Medium Task 2.3 - Compare the frequency o’ a text with the true frequency

Once ye’ve found the frequency o’ all the letters in the text, ye can craft a function that finds the “distance”. Arrr? What be meant by that?!

Ye can picture the frequency o’ somethin’ like E in the text bein’ a number. Ye can find the “distance” this has with the actual frequency, which be 12.70. Example: The frequency be 9.63, what be the distance? The distance be the absolute value (negative numbers become positive) between these two values: \(12.70 - 9.63 = 3.07\).
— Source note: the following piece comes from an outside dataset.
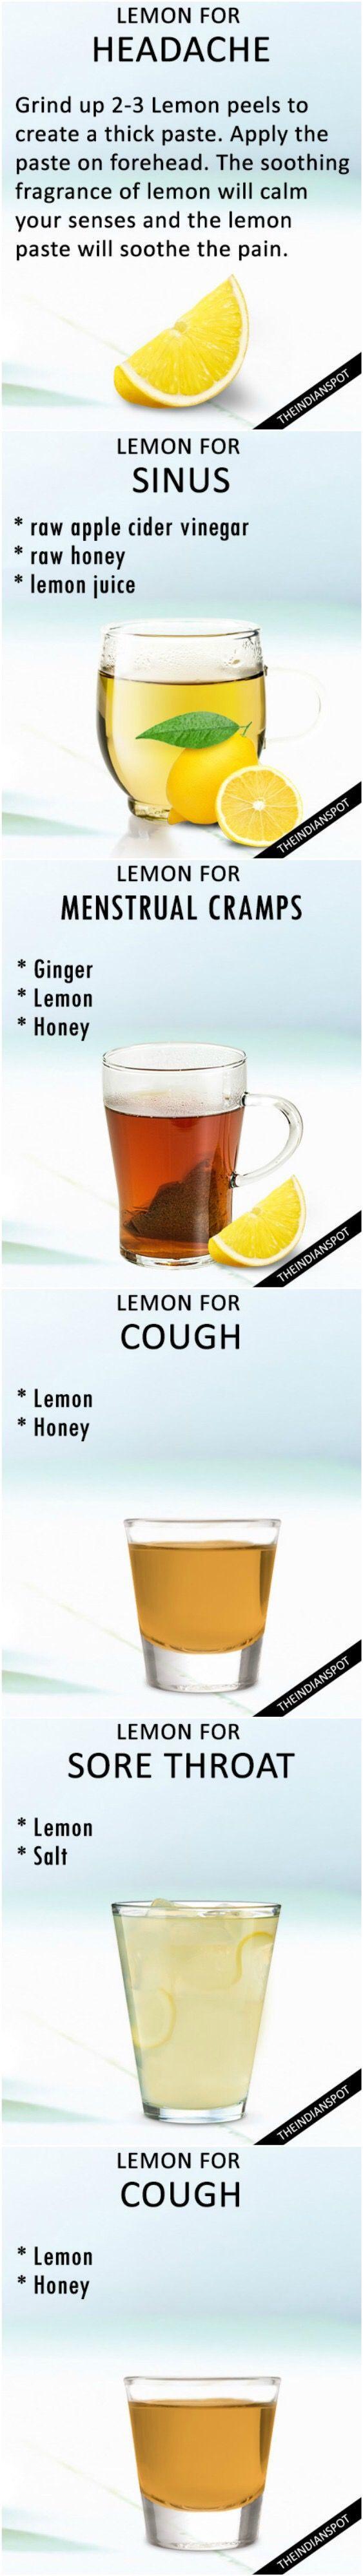 Lemon remedies #nutritiontips,

Craft a function that goes through each o’ the letters and finds the distance. Then, add all the distances together to a “total” distance.

Math function?

If ye be wonderin’ how the math function for this be lookin’, ‘tis like so:

\(\sum_{n=0}^{N} \lvert a - b\rvert\)

Tips til framgangsmåte
  1. Use a for loop to sail through the entire frequency table.
  2. For each letter in the frequency table, find the absolute value compared to the actual frequency. Use the abs() function in Python for this.
  3. Sum all the values, and ye shall have a final result.
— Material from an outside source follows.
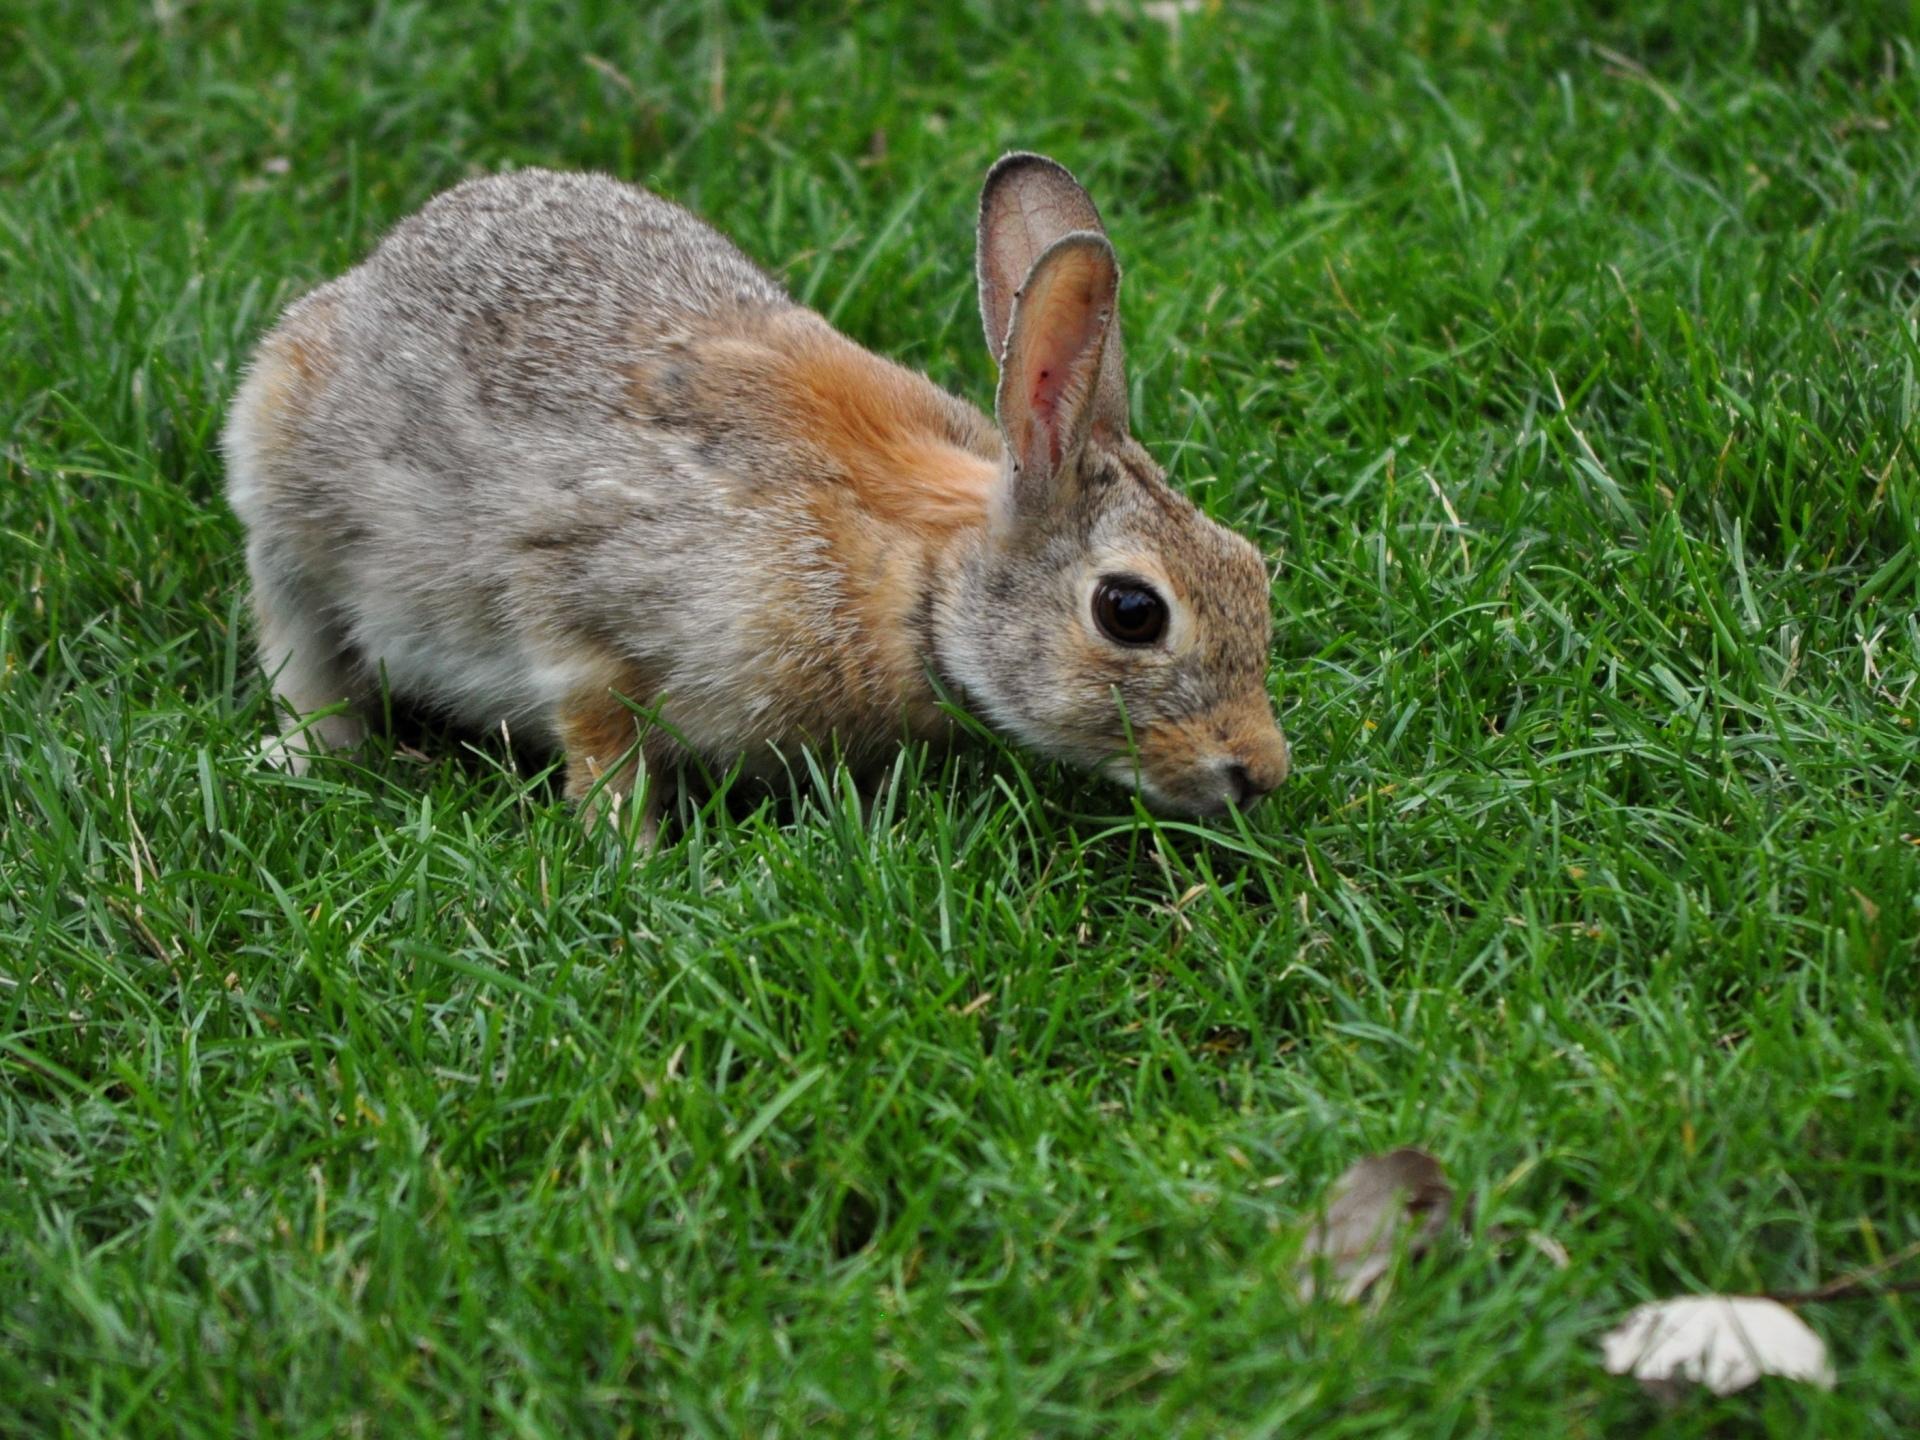 hare wallpaper,rabbit,mammal,domestic rabbit,vertebrate,rabbits and hares

Hard Task 2.4 - “Crack” the Caesar Cipher

Now we shall finally put together all we have done so far! Now we shall “crack” a Caesar cipher.
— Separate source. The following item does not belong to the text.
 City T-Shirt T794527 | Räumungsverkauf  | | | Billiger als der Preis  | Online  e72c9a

Create a program that “cracks” a Caesar cipher! Without user input, ye be able to toss in an encrypted text and retrieve the decrypted text without needin’ a key.

Test data

Here be some test data ye can use, what say ye to these?

Test-data
cqrbvnbbjpnrbjenahbnlancxwnqxynoduuhhxdjanjkuncxmnlxmnrclxvyuncnuhjwmqnanjanbxvnfxamboaxvxdaojexarcnsnmrqnuuxcqnanrcbxenajwjtrwrqjencqnqrpqpaxdwmhxdfnanarpqccqnwnpxcrjcrxwbfnanbqxac
lsaizivxlmwqiwwekimwuymxiwlsvxwsmxqmklxrsxasvoewibtigxihlsaizivmjmxhsiwksshnsf
bmtxymjwjsfdfsxbjwrjxyfsifsizsktqidtzwxjqkqtslqnajymjpnslgfwsfwitmjdtzhtrjrtxyhfwjkzqqdzutsdtzwmtzwynxstbxywzhpybjqajljyymjjytgjikwfshnxhtktwymnxwjqnjkrzhmymfspxynxgnyyjwhtqifsinfrxnhpfymjfwymfajdtzmfivznjylzfwistyfrtzxjxynwwnslbjqqlttisnlmynkdtzitrjjymtwfyntfsirfwhjqqzxymjwnafqxtkrdbfyhmgniymjrrfpjmfxyj
zwkyvivrivrepzuzfkjzekyviffdnzcckyvpgcvrjvjkreulgjrzukyvjritrjkztkvrtyvirwkvircfexjzcvetvfevwivjydreifjvkfyzjwvvkefnkyvedzjkvinypufpfltfejzuvipflijvcwrezuzfkzehlzivukyvkvrtyvinzkyrjevvinvccrtklrccpzufekjrzukyvjkluvekslkzyrkvkfjvvpfljkreuzexlgkyvivrccsppflijvcw
uwwilxchaniuffehiqhfuqmizupcuncihnbylycmhiqusuvyymbiofxvyuvfynizfscnmqchamulyniimguffniayncnmzunfcnnfyvixsizznbyaliohxnbyvyyizwiolmyzfcymuhsqusvywuomyvyymxihnwulyqbunboguhmnbchecmcgjimmcvfysyffiqvfuwesyffiqvfuwesyffiqvfuwesyffiqvfuweiibvfuweuhxsyffiqfynmmbueycnojufcnnfyvullsvlyuezumncmlyuxswigcha

Tips til framgangsmåte
  1. Begin by craftin’ a function that takes in text, aye.
  2. Use the decryptin’ function for the Caesar cipher with rotation N on the text, N startin’ at 0.
  3. Create a frequency table o’ the result, savvy?
  4. Figure out the distance to the result in relation to the actual frequency table.
  5. Either: a) keep track o’ the distance in a list, or b) keep track o’ the smallest value and the rotation (this be the key).
  6. Increase the rotation by 1 and repeat steps 2 to 6 until N reaches 26 (full rotation).
  7. Return the decrypted text, meanin’ the smallest distance be the right key, arr!